This adaptation of Marivaux’s rom-com is as frothy and bustling as a Regency frock
John Fowles’ never-before-seen version of Marivaux’s rom-com is a double date that could be doubly dated: it’s a 1983 translation of a 1730 French play, in which two potential lovers swap places with their servants to better get the measure of one another. Needless to say, both the well-bred pair and their waiting staff mutually fall for their opposite number, all while believing them to be unmarriably the wrong class.
Naturally, class will out: the posh people simply can’t help but prove terribly refined while the low-lifes remain crude and comic. And there’s not a jot of will-they-won’t-they. They so obviously will – indeed, both pairs are engaging in manipulative tricks so the other will prove the extent of their romantic will-power. Still, there’s an irresistible symmetry to the story, and in Paul Miller’s trotting production it’s easy to be scooped along for a fine old ride.
That’s partly because Miller has quite rightly followed Fowles’ own note that the driver of the play is "violent physical attraction". This is an hour and a half of lust-at-first-sight, of pure infatuation, in all its knee-trembling, giddy glory. Chemistry smoulders in all four corners of the stage. Claire Lams as Louisa the maid snaps her fan and bats her eyelashes, but her seduction techniques are soon fired by real love; as John Brass the manservant, Keir Charles’ trouser twitching and tackle-rearranging ain’t subtle, but his vulgar impersonation of a foppish lord amuses.

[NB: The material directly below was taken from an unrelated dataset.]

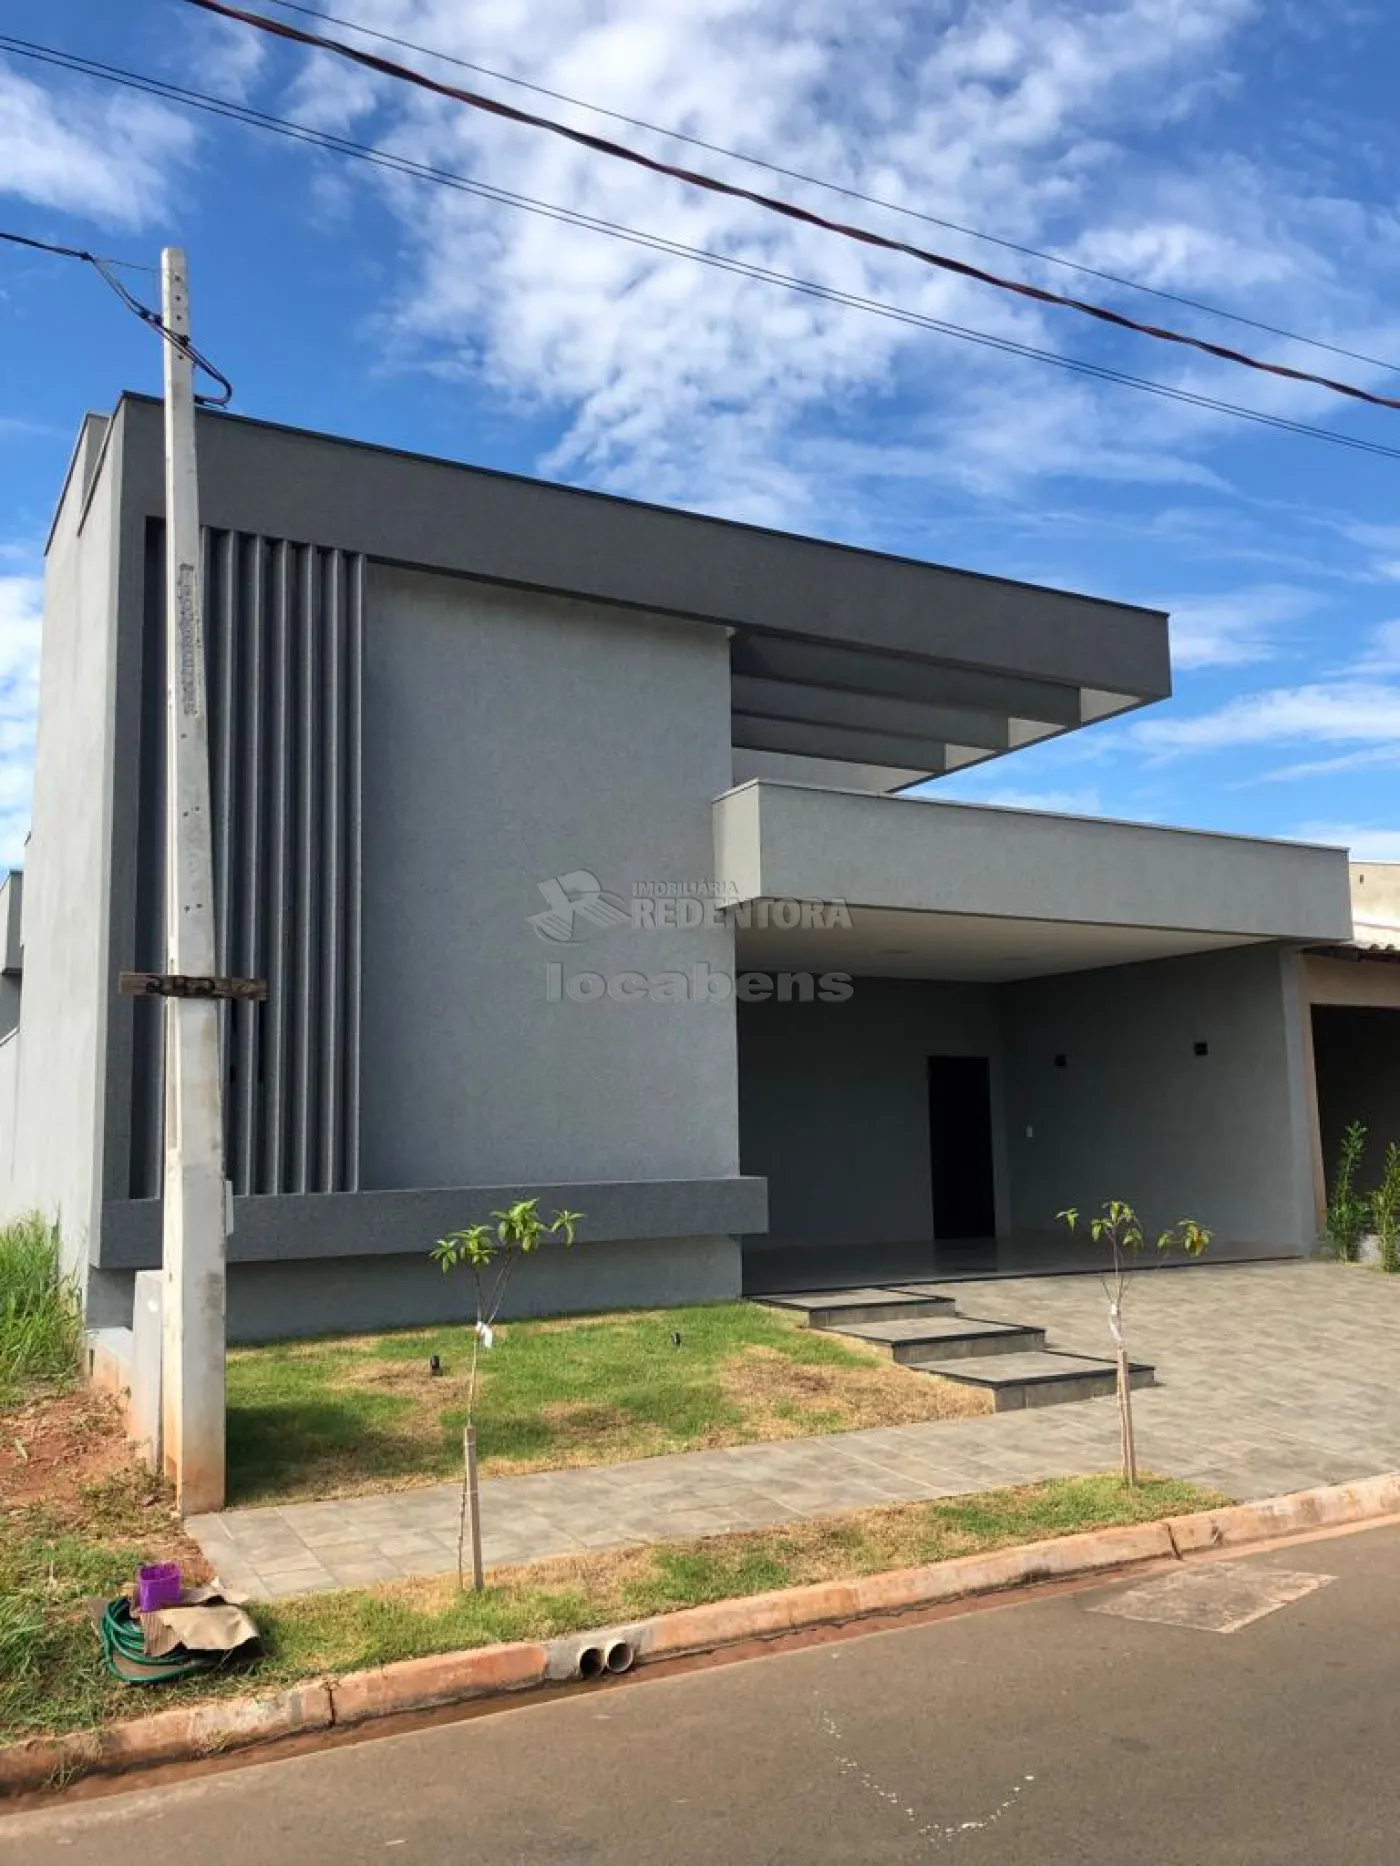 Comprar Casa / Condomínio em Mirassol apenas R$ 950.000,00 - Foto 1

Ashley Zhangazha has a noble desperation as the rich, straight-man suitor Richard, but the real star of the night is Dorothea Myer-Bennett, whose Sylvia is very much the heroine of the play. The most multifaceted character, one minute she’s coolly supercilious and the next utterly love-sick, and Myer-Bennett oscillates between feistily confident lucidity and tremulous heart-sore panic, while always imbuing this woman with real intelligence.

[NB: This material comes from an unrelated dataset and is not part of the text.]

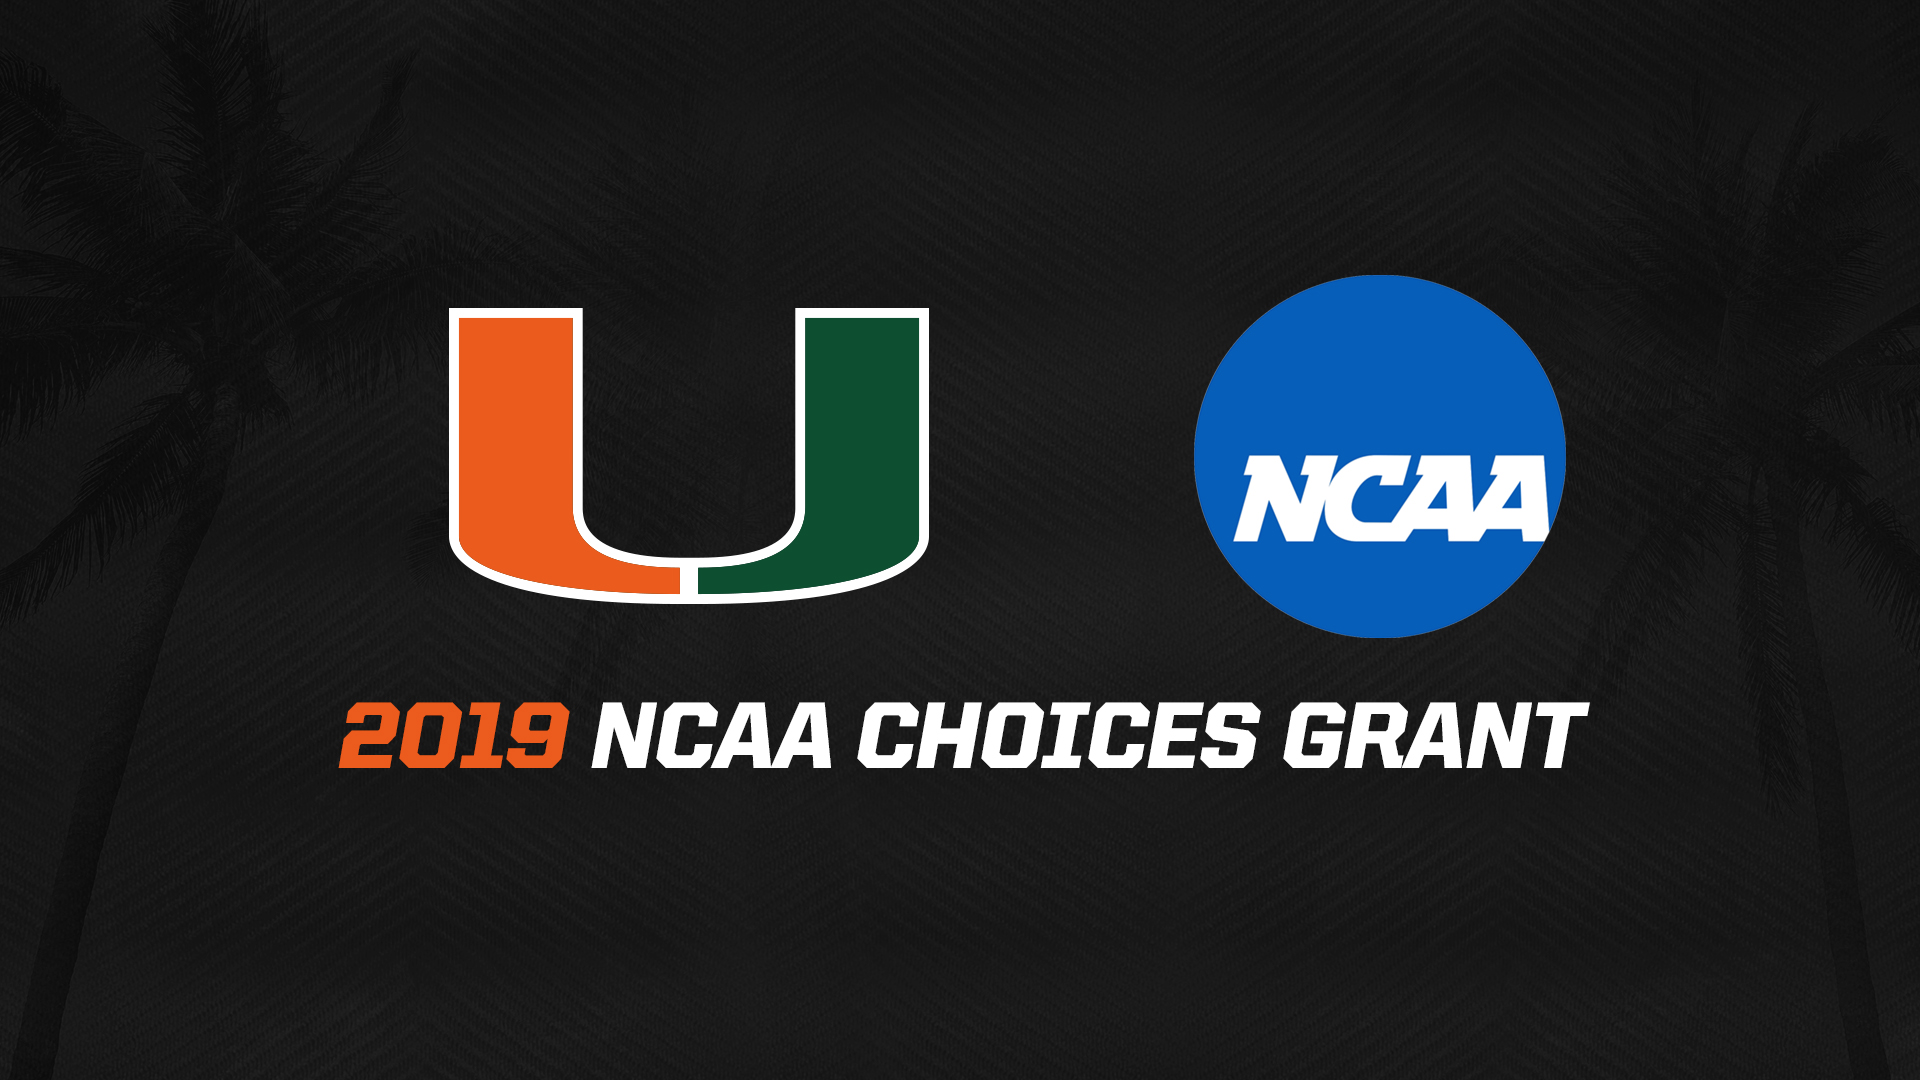 University of Miami Awarded 2019 NCAA CHOICES Grant

Maviraux was famous enough for his sparkling style that the somewhat disparaging term ‘marivaudage’ was coined after him. There’s certainly a fizzy wit to Fowles’ translation, which updates the action to Regency England, but it does still sound thoroughly mannered. This isn’t really a problem: the play’s all about pretence and performance, after all. Miller ups this by having the cast, in this intimate in-the-round space, address lots of scoffing or scornful lines very directly to the audience.
Simon Daw’s set stages the whole thing under a canopy of roses and tealights, which cues you in to the romantic tone. Miller is not interested in exploring potential murkiness: the weird cruelty of deceiving someone you love as a test is glossed, and any queasiness at the fact that it’s Sylvia’s father who gleefully gets the whole trick going – and that she at one point pretends, ew, to fancy her brother to further dupe Richard – are mostly played for blustery laughs.
It’s all as frothy and bustling as a Regency frock, and about as relevant to the modern day. But it certainly makes for an enjoyable evening, and has an elevating performance at its heart.
The Lottery of Love is at the Orange Tree Theatre until 13 May.